Расскажите о себе, о семье, в которой Вы родились и выросли.
Я родился в семье, которая точно отразила сложное время середины прошлого века. Отец – коммунист. Мама, любящая и заботливая, была, скорее, суеверная, чем верующая. Бабушка со стороны отца занималась оккультными практиками. Обычная мирская семья. О Боге в детстве я ничего не слышал. Все, как у всех вокруг: выпивка, курение – обычные ценности обычного человека. Когда мне было четырнадцать лет, отец оставил семью. Нас было четверо детей, младшей сестре только исполнилось три года. Мама не могла работать по состоянию здоровья, а выживать надо было.
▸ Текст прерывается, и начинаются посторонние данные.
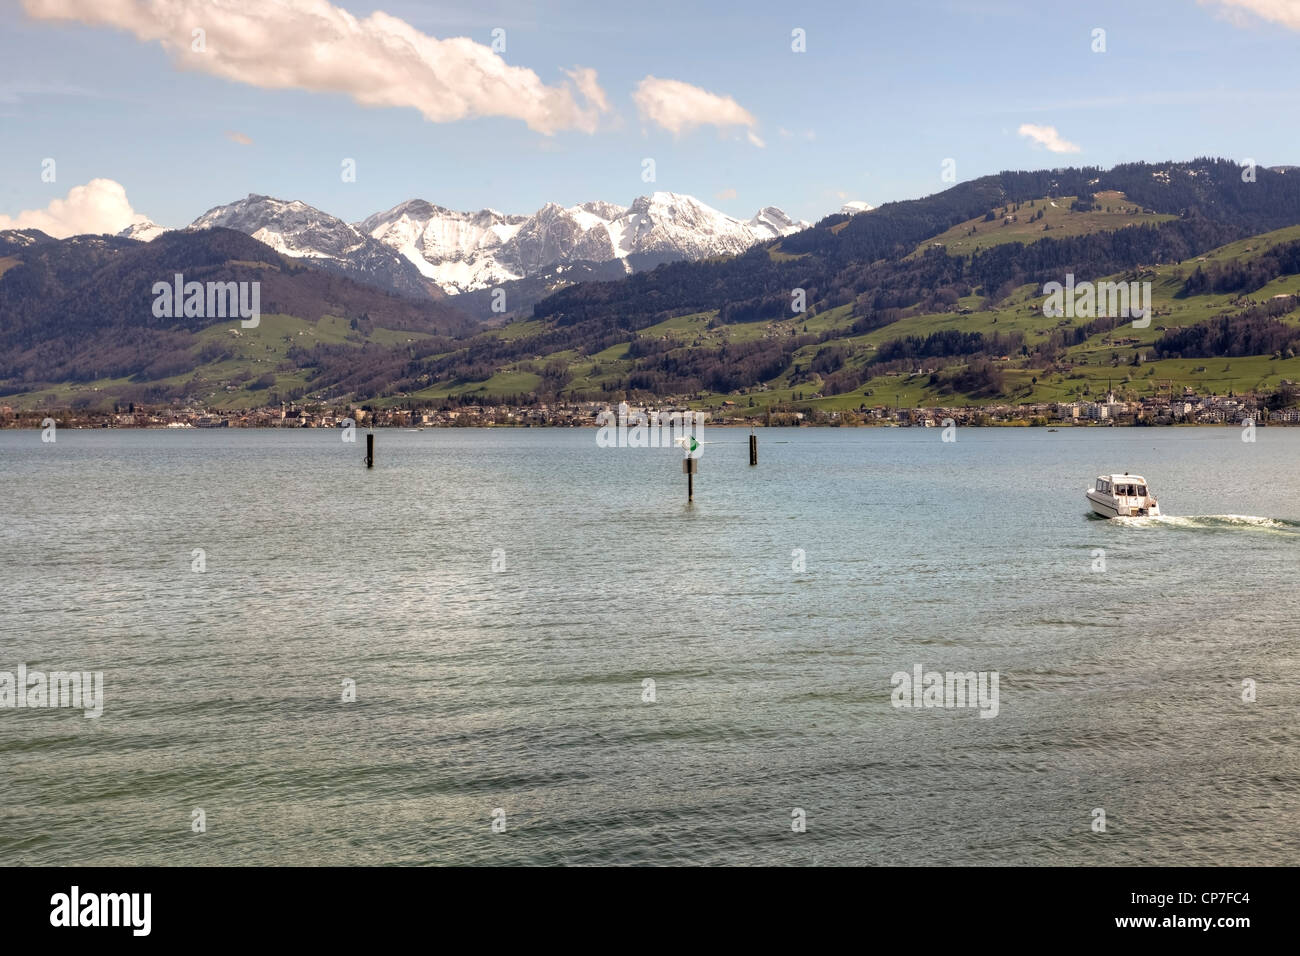 Le lac Supérieur, le lac de Zurich, Rapperswil, Saint-Gall, Suisse Banque D'Images

В порядке исключения горком разрешил мне, несовершеннолетнему, устроиться на работу.
А когда Вы впервые услышали об Иисусе Христе?
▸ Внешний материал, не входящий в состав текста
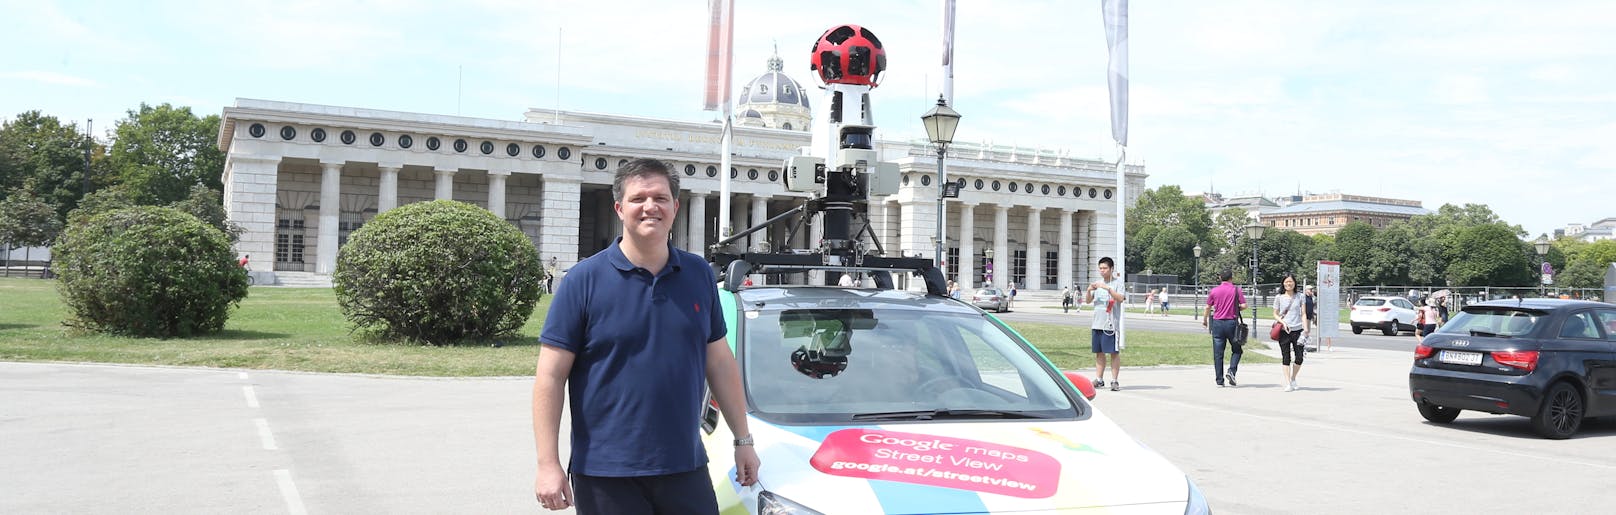 Fasching-Kapfenberger mit einem Google-Kameraauto in Wien

Когда познакомился со своей будущей женой. Ее бабушка была возрожденной христианкой, необыкновенным человеком. Без всякого искусственного пафоса могу назвать ее духовным бриллиантом, одной из тысячи тысяч. Служители общин – дьяконы, пресвитеры – приходили к ней за советом и поддержкой. Она была старенькой, физически немощной, с плохим зрением, но обладала большой мудростью от Бога, смирением и добротой. С ней у меня сразу сложились теплые взаимоотношения. Часто заходил в гости, а она просила: «Почитай вот эту главу из Библии, давно я ее не читала, глаза-то не видят». Так я впервые взял в руки Священное Писание, стал его читать. Правда, без вдохновения, не вникая в смысл, механически, просто «текст для бабушки». Она же, видя мое равнодушие, просила: «Ох, что-то плохо поняла, ну-ка разъясни, о чем это?» Это ли не мудрость – не наседать на неверующего молодого, самоуверенного атеиста с нравоучениями и длинными цитатами, способными скорее вызвать отторжение, а заставить его размышлять над прочитанным?! И я думал, подбирал слова, не догадываясь, что она все это превосходно понимала, а делала это для меня.
Когда же наступил поворотный момент?
Однажды у меня были большие неприятности. Я пришел к бабушке расстроенным. И она сказала: «Ответь на один вопрос, ответь не мне – себе. Только подумай, не торопись. Старый должен умереть, а молодой – может. В чем разница?» Поиск ответа и стал этим ключевым моментом. С этого дня появился интерес к Слову, к верующим, к поиску смысла жизни.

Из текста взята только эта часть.